Times of London Thunders

A British reader tells us that when the Times of London (which he says used to known as "The Thunderer") runs an opinion piece as lead article, which happens rarely, it's a matter of great significance, indicating an expression of the solidified views of the British establishment. Here's such an example, from yesterday's edition, and not suprisingly it took the proud KGB spy who reigns over Russia to provoke it. Amazingly blunt, it's nothing short of an accusation of personal dishonesty against "President" Putin.

It's now being reported that the BBC has been forced off the Russian radio airwaves for more than two weeks now, with no satisfactory explanation forthcoming from the Russian authorities. Is it censorship? Even if it's not, how much longer can we expect the Kremlin to allow foreign broadcasts in Russia? And if the BBC gets out of line in the meantime, how long before their correspondents and editors start getting knocked off? Stiff upper lip, mates. You're the vanguard of the final conflict.

Something to Hide?
Moscow is breaking a promise to cooperate in the Litvineno affair

There is one consolation for the team of Scotland Yard detectives trawling Moscow for evidence in the murder of Alexander Litvinenko — it is unseasonably warm. Otherwise, their work has been made so difficult, so quickly, that pessimists would say they had flown into a trap where they can do little but watch the trail go cold.

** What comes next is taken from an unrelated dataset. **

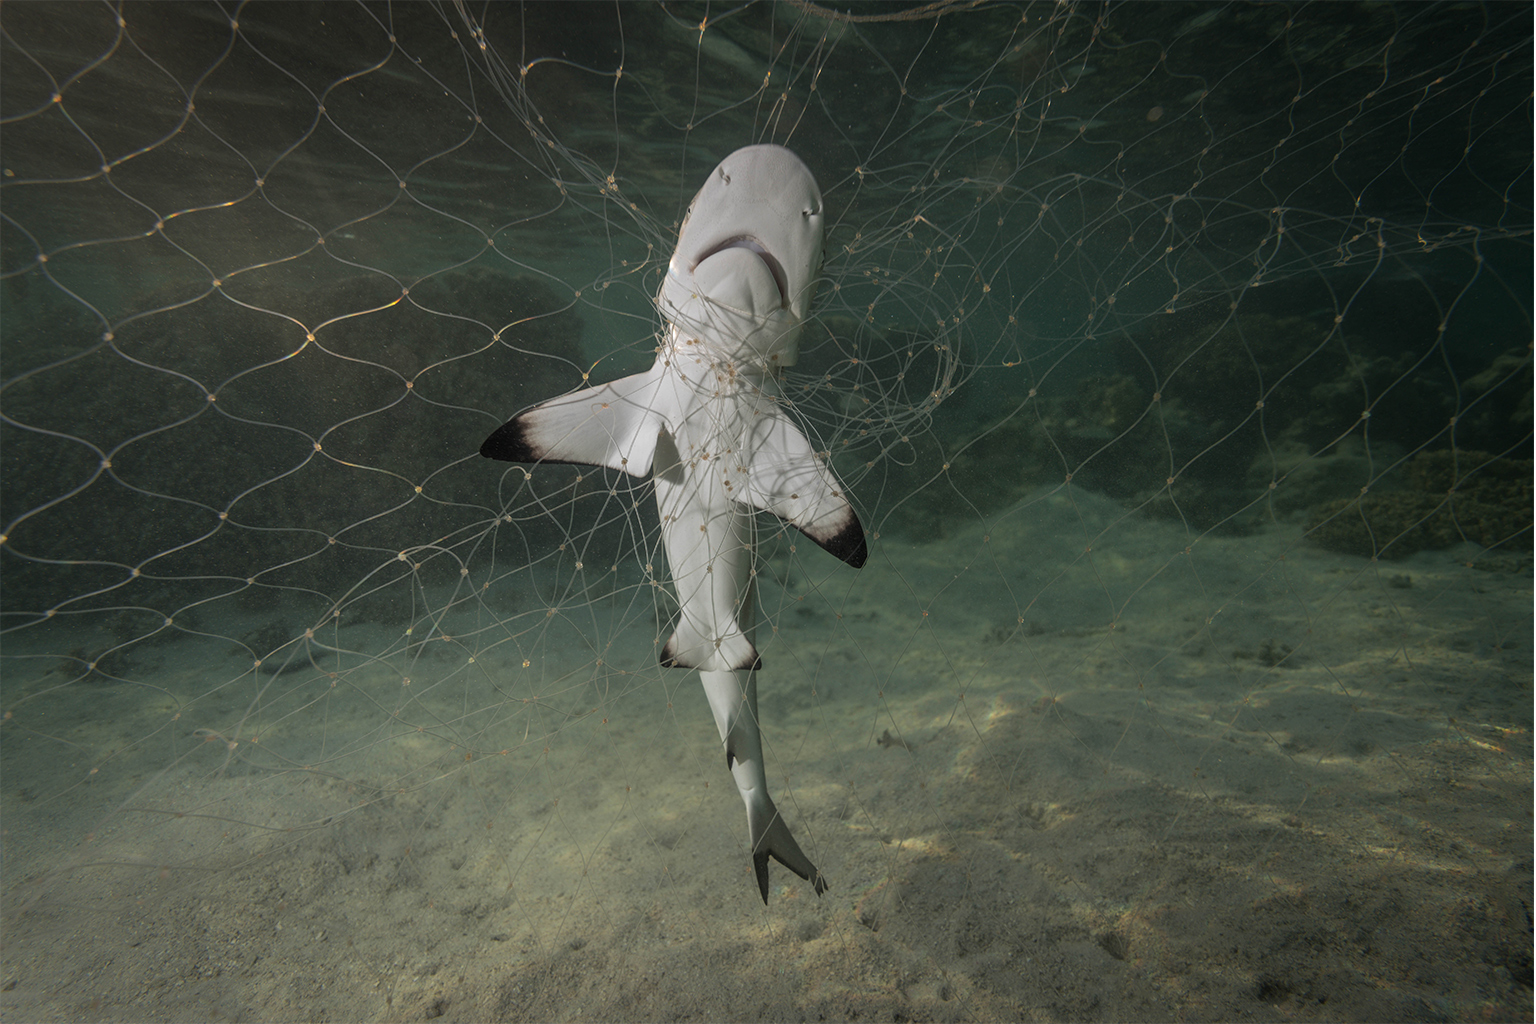 A shark caught in a net.

Having promised last week to co-operate fully with the British investigation, the Russian Prosecutor-General has thrown four separate obstacles in its way. He has told the visiting detectives that they may request interviews but only observe them, and then only if the interviews are granted. He has ruled out extraditing any Russian citizen for trial in Britain. He has announced his own investigation into the alleged attempted murder of two of Mr Litvinenko’s associates — who, as Russian citizens, provide a pretext for giving the Russian inquiry priority over the British one. And he has twice postponed interviews with the man Scotland Yard most wants to question.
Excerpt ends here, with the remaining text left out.